Ever confusing implementations in DAML.

How to best understand base interface below? Why can’t we do the same with Templates?

  asBaseInstrument : BaseInstrument.I
    -- ^ Conversion to `Base Instrument` interface.
.......
.......
.......

-- | Type constraint for requiring templates to implement `Distribution`.
type Implementation t = (HasToInterface t Event, Base.Implementation t)
class (Implementation t) => HasImplementation t
instance HasImplementation Event
instance HasToInterface I Base.I where _toInterface = asEvent

Please open a separate thread per question. Otherwise, the discussions get messy and hard to follow. You have at least three topics here.

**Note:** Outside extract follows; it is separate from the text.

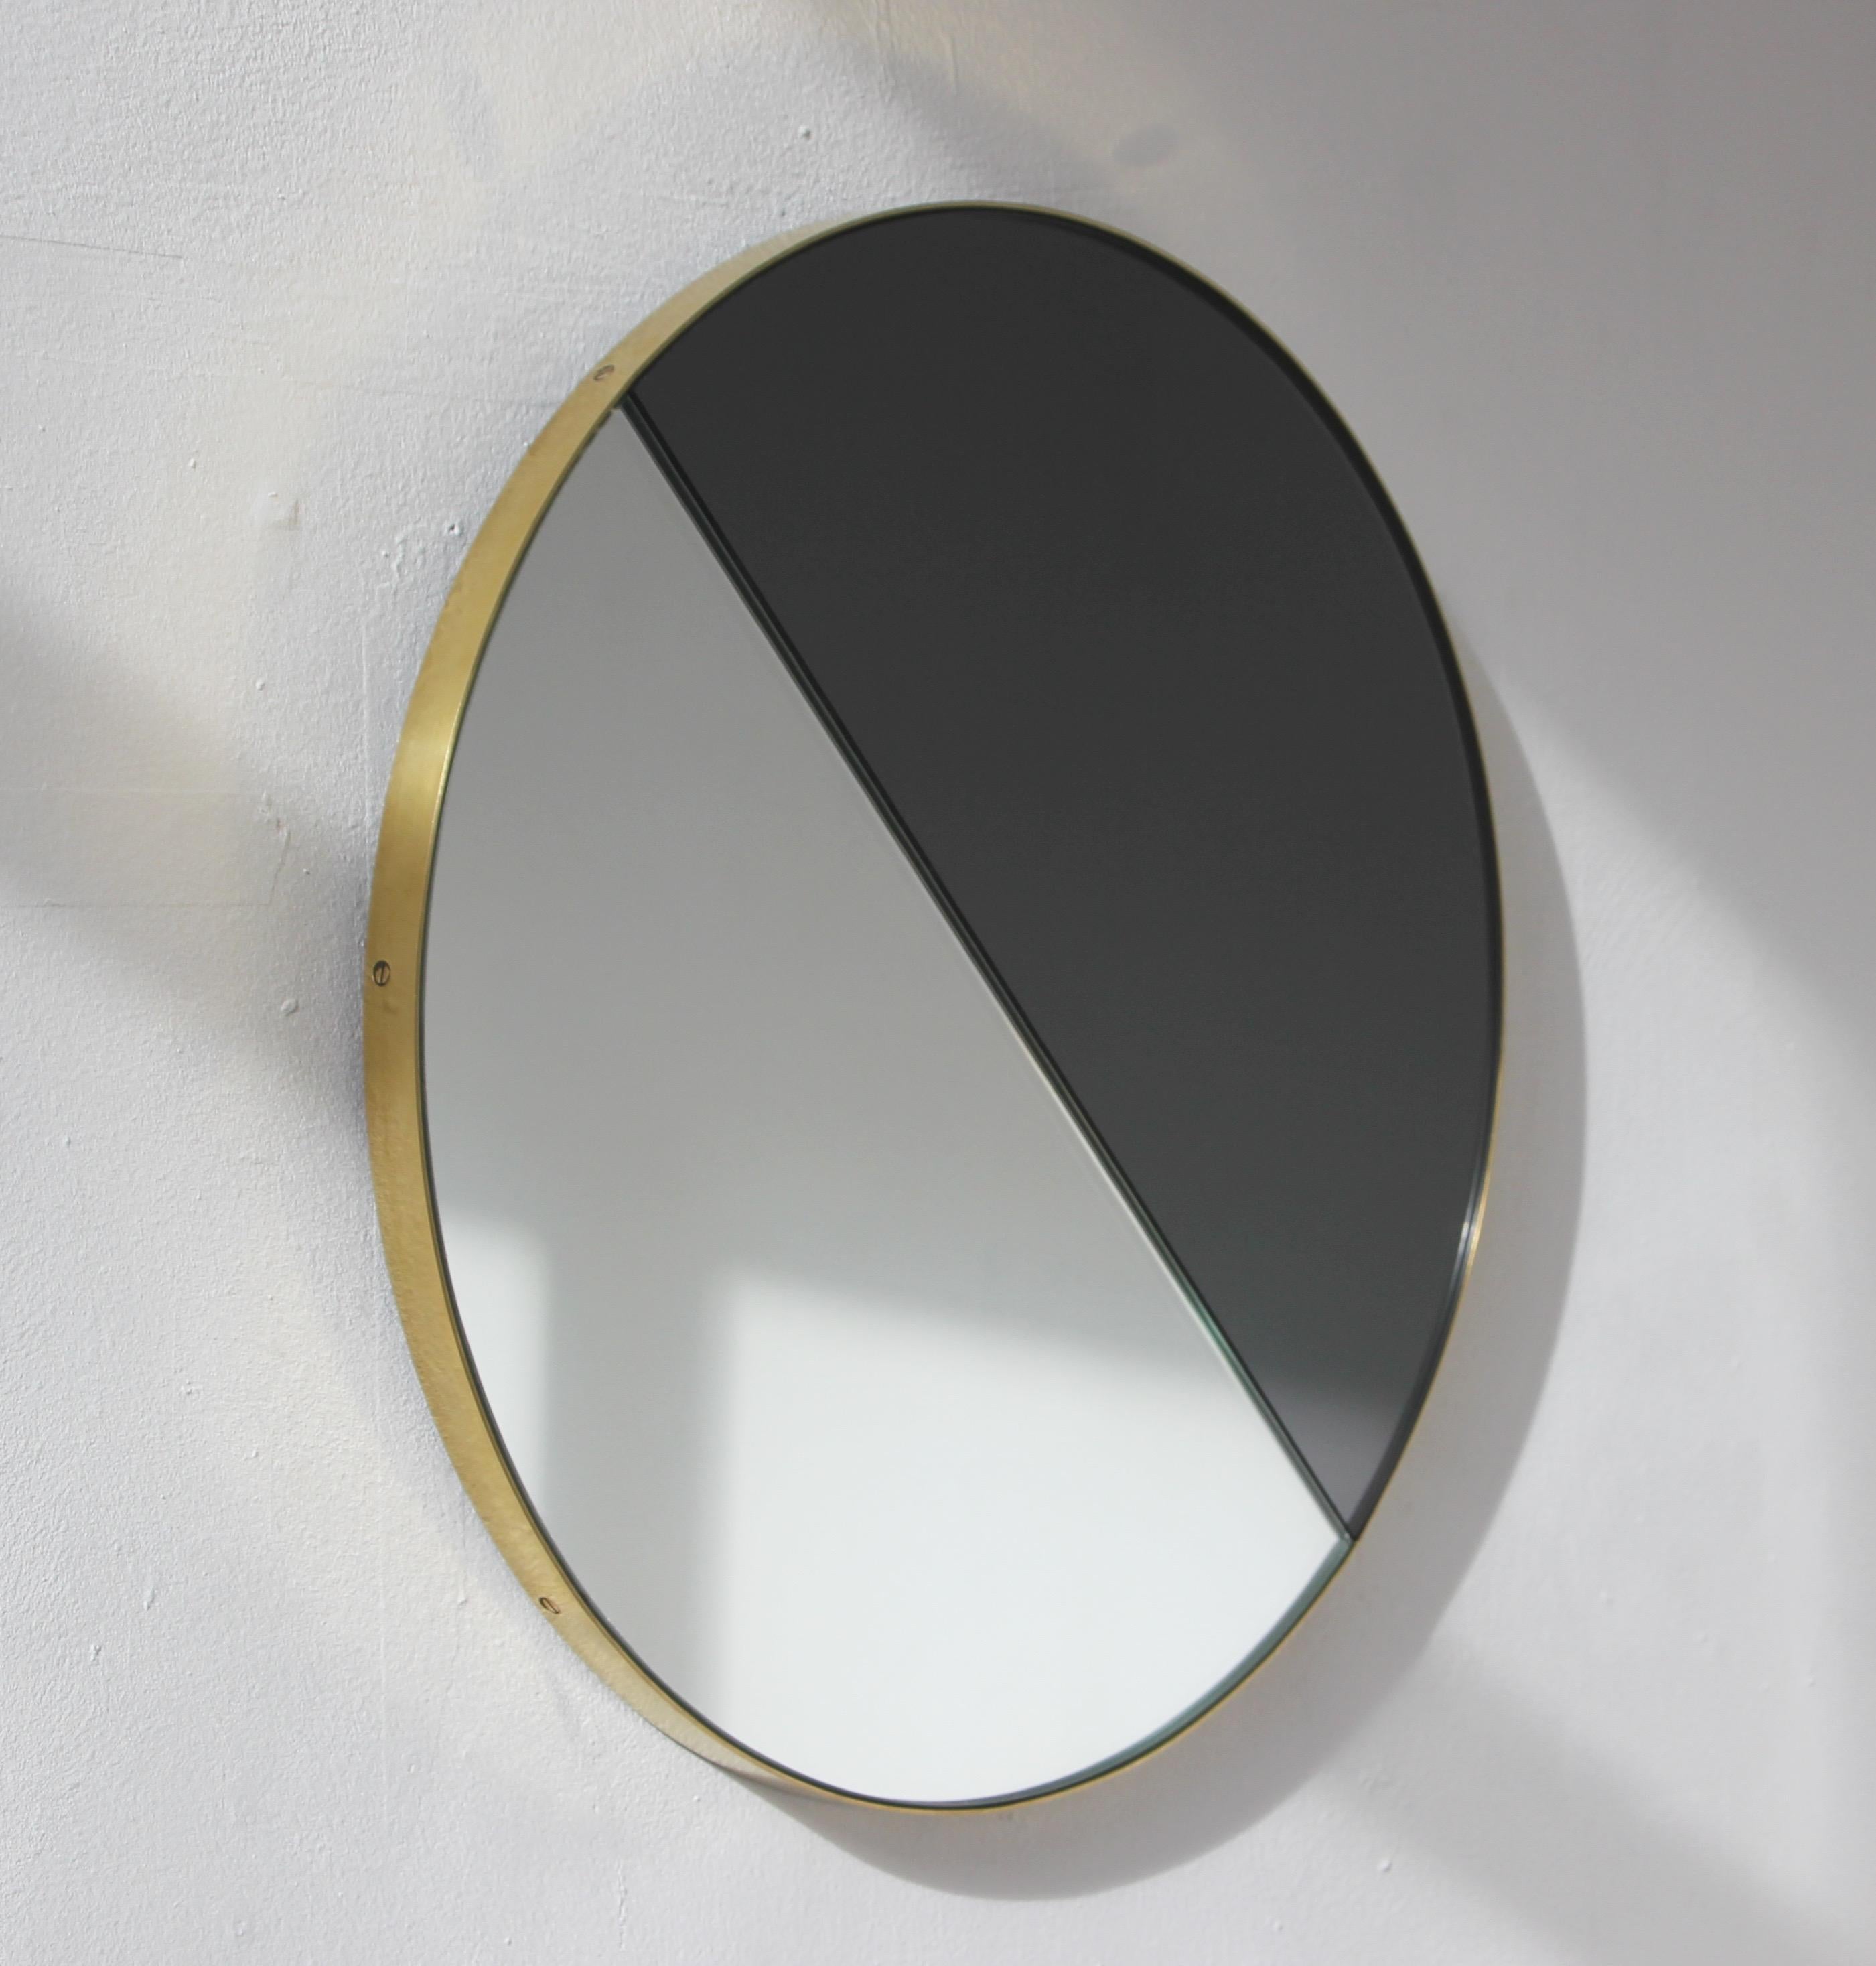 British Orbis Dualis Mixed Tint Contemporary Circular Mirror with Brass Frame, Small For Sale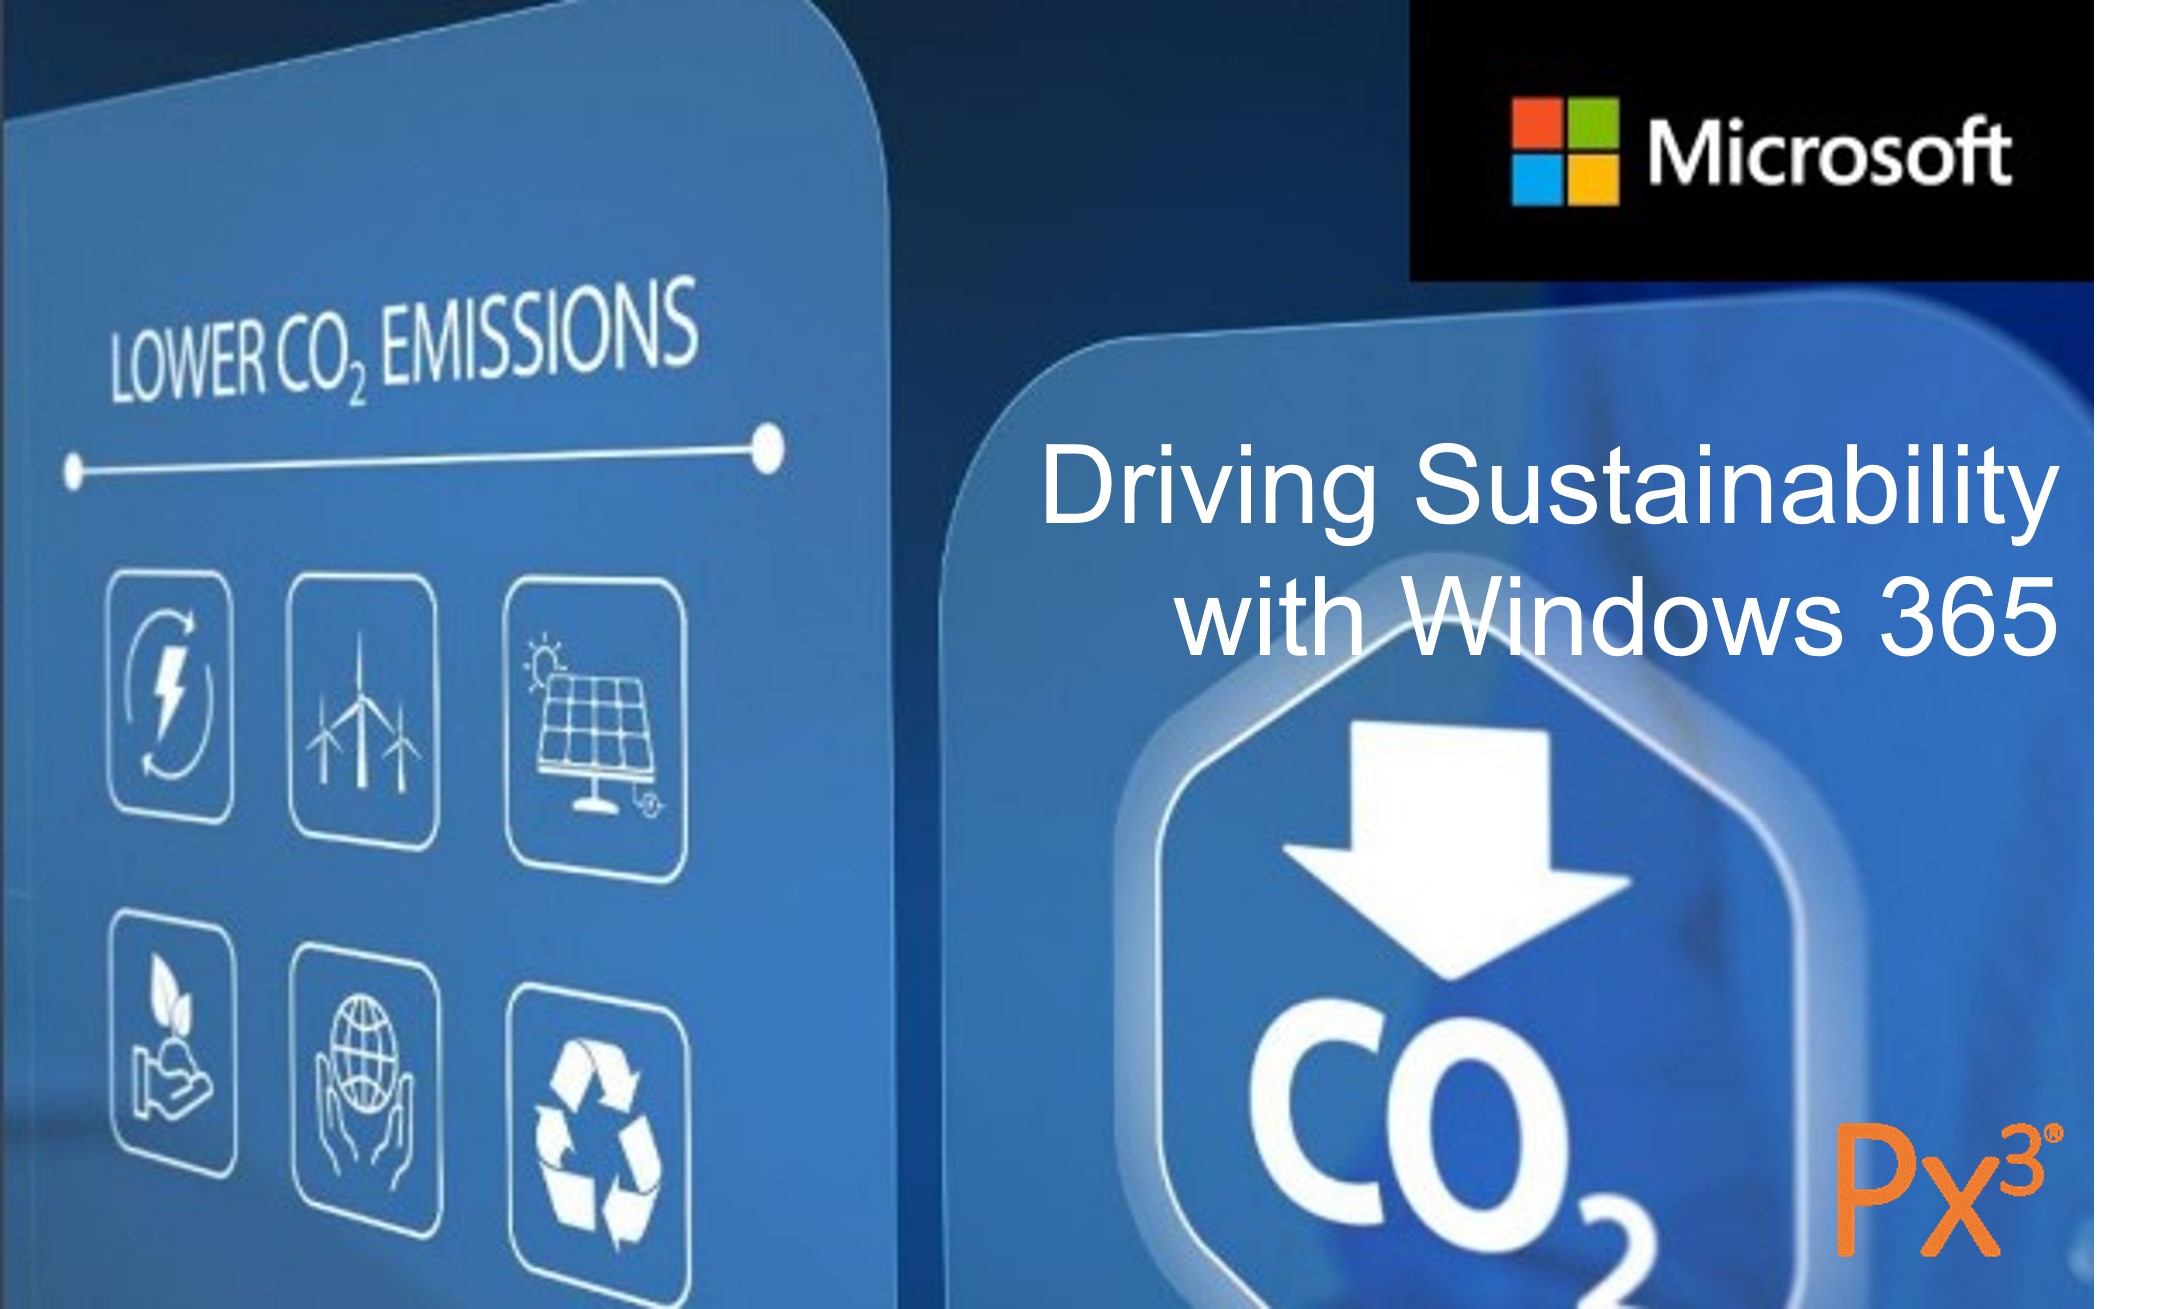 Dr. Sutton-Parker conducts Microsoft’s W365 Cloud PC sustainability research

@code_monkey @Gary_Verhaegen I’ve trimmed the question to what I think is a single one. Here’s what’s left:

What are the design patterns implemented in [daml-finance] (GitHub - digital-asset/daml-finance)? Why is DAML built on Haskell, rational plzzz? Is DAML still the same, write once and deploy anywhere? soooo many whyyyyy

These are separate topics, feel free to create a thread for each :slight_smile:

FYI @code_monkey You can use triple backticks to open and close a code block.

Hi @code_monkey,

To summarise, the reasons for this code pattern for interfaces in Daml-Finance are two fold:

  1. to enforce a hierarchy of interfaces (akin to extends in Java);
  2. at compile time to provide developer feedback that implementations adhere to the specified interface hierarchy.

At the time of writing, we don’t have the language feature in Daml Interfaces akin to extends in Java that provides the desired feature set above.